Universities plot to put squeeze on Government

20th March 1998 at 00:00
Vice-chancellors are plotting a secret campaign to sell the message that Labour may not be elected for a second term unless it gives the universities more money.

A confidential paper, which has been seen by The TES, outlines the campaign strategy of the Committee of Vice-Chancellors and Principals and reveals that they are worried about their reputation for being "whingers".

The paper expresses concern that the CVCP might send out the wrong message on tuition fees for students. It would prefer to be seen as helping to solve the problem of under-funding, rather than as confrontational.

This week the CVCP presented its demand for extra money as part of the comprehensive spending review (CSR) being carried out by Government.

The confidential document says: "CVCP's campaign strategy, over the next six months, is to undertake a highly focused, politically-driven campaign to persuade the key CSR decision-makers that the consequences of not addressing the current funding shortfall would become a political liability in the 20012002 election campaign - if not sooner..."

This would be achieved by presenting its case to ministers and "cascading the campaign out" with targeted briefings.

The paper says people outside higher education will assume that "the funding problem is solved by the introduction of tuition fees". . ."If there is still a funding problem, then the row about tuition fees was pointless," it says, adding that "calls from universities for more funding is just another case of universities whingeing".

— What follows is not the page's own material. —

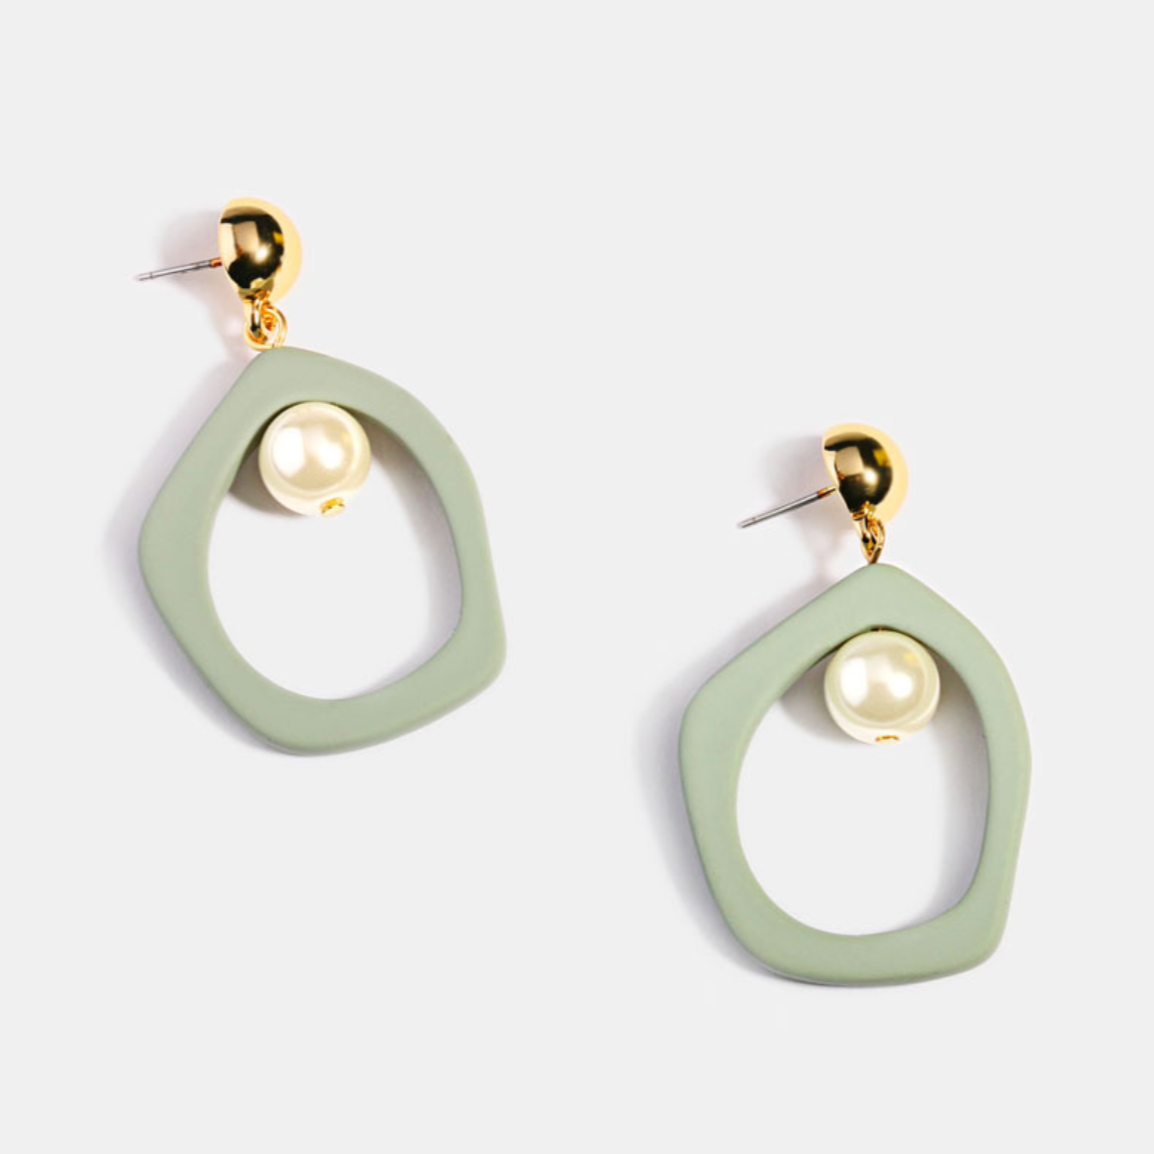 Turquoise Pearl Earrings

The paper accepts that schools and colleges "have relatively strong claims" for funding but stresses the university role in lifelong learning.

There was tight control over public spending, "however, the core Government objective is to secure a second term of office in 20012002. In addition ministers will also want to avoid accusations that insufficient resources are in place over the short term, for fear of stoking up opposition to tuition fees."

Time is short, it says. "A loud campaign on its own will convey a sense of activity - but is unlikely to be met with understanding and sympathy by decision-makers. It also carries the risk of sending the wrong messages in relation to tuition fees...Our emphasis should be on co-operation about a shared problem, whilst making clear the potential dangers of not addressing our case."

Finally, the paper recommends that the universities should press their case through news coverage, features, speeches and other media exposure to ensure the "'background noise' is as helpful as possible".